= Reachback =

Reachback is a psychological term coined by Eric Berne. Reachback, in Berne's lexicon, is the period of time during which an impending event begins to influence an individual's behavior, including their level of stress.

==Berne's formulation==

Berne, the founder of transactional analysis, coined the term in his book What Do You Say After You Say Hello?. He considered that reachback "is most dramatically seen in people with phobias whose whole functioning may be disturbed for days ahead at the prospect of getting into a feared situation, such as a medical examination or a journey."

For instance, a person expecting to take a trip on Monday starts getting irritable and worried on Friday. He may start trying to clear his overflowing inbox, cut short his evening relaxation, start preparing and packing for the trip, worry about what clothes to take, and so on. However, "for people who have unusual difficulties with anticipatory stress, the reach-back of an event such as a major vacation trip or a wedding may be several weeks."

Berne differentiates reachback from forward planning, which is done to mitigate negative effects such as reachback.

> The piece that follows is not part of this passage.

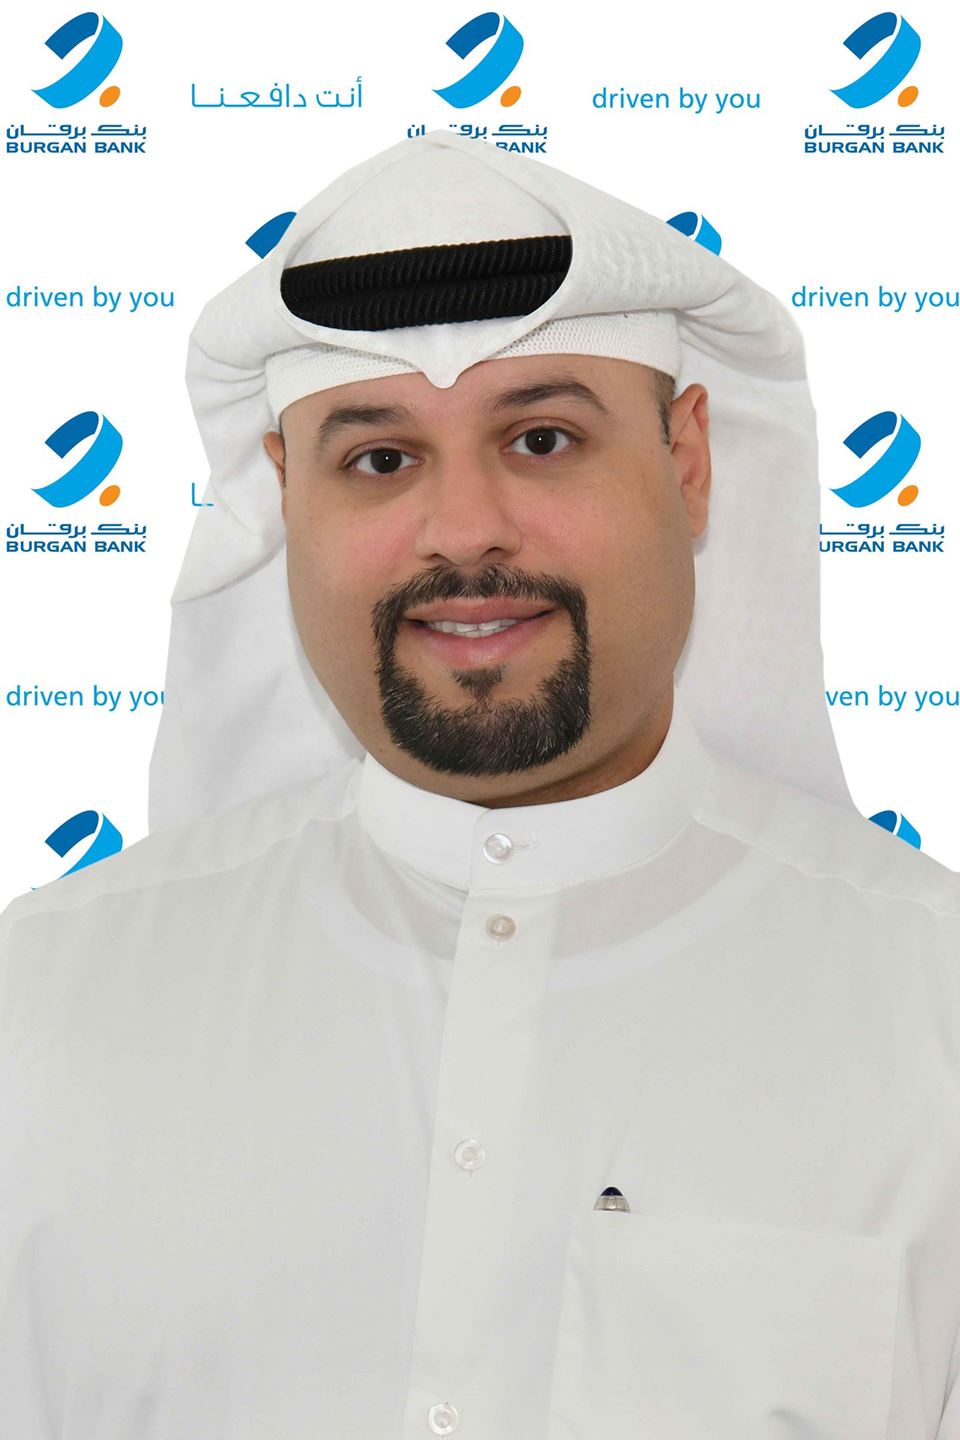 Mr. Khalil Majeed AlQattan, Head of Digital Transformation at Burgan Bank

The flip side of reachback is afterburn, which is defined as the effect a past atypical event continues to have on a person's schedule, activities and mental state even after it is materially over. Berne considered that "each person has a sort of standard 'reachback time' and 'afterburn time' for various kinds of situations [...] domestic quarrels, examination or hearings, work deadlines, travel, visits from or to relatives, etc."

===Prevention===

Following William Osler's prescription for equable living day-by-day, Berne explained that "living day by day means living a well-planned and organized life, and sleeping well between each day, so that the day ends without reachback, since tomorrow is well planned, and begins without afterburn, since yesterday was well-organized".

==Defense usage==
Reachback is also used in the US Department of Defense as the process of obtaining products, services, applications, forces, equipment, or material from organizations that are not forward deployed.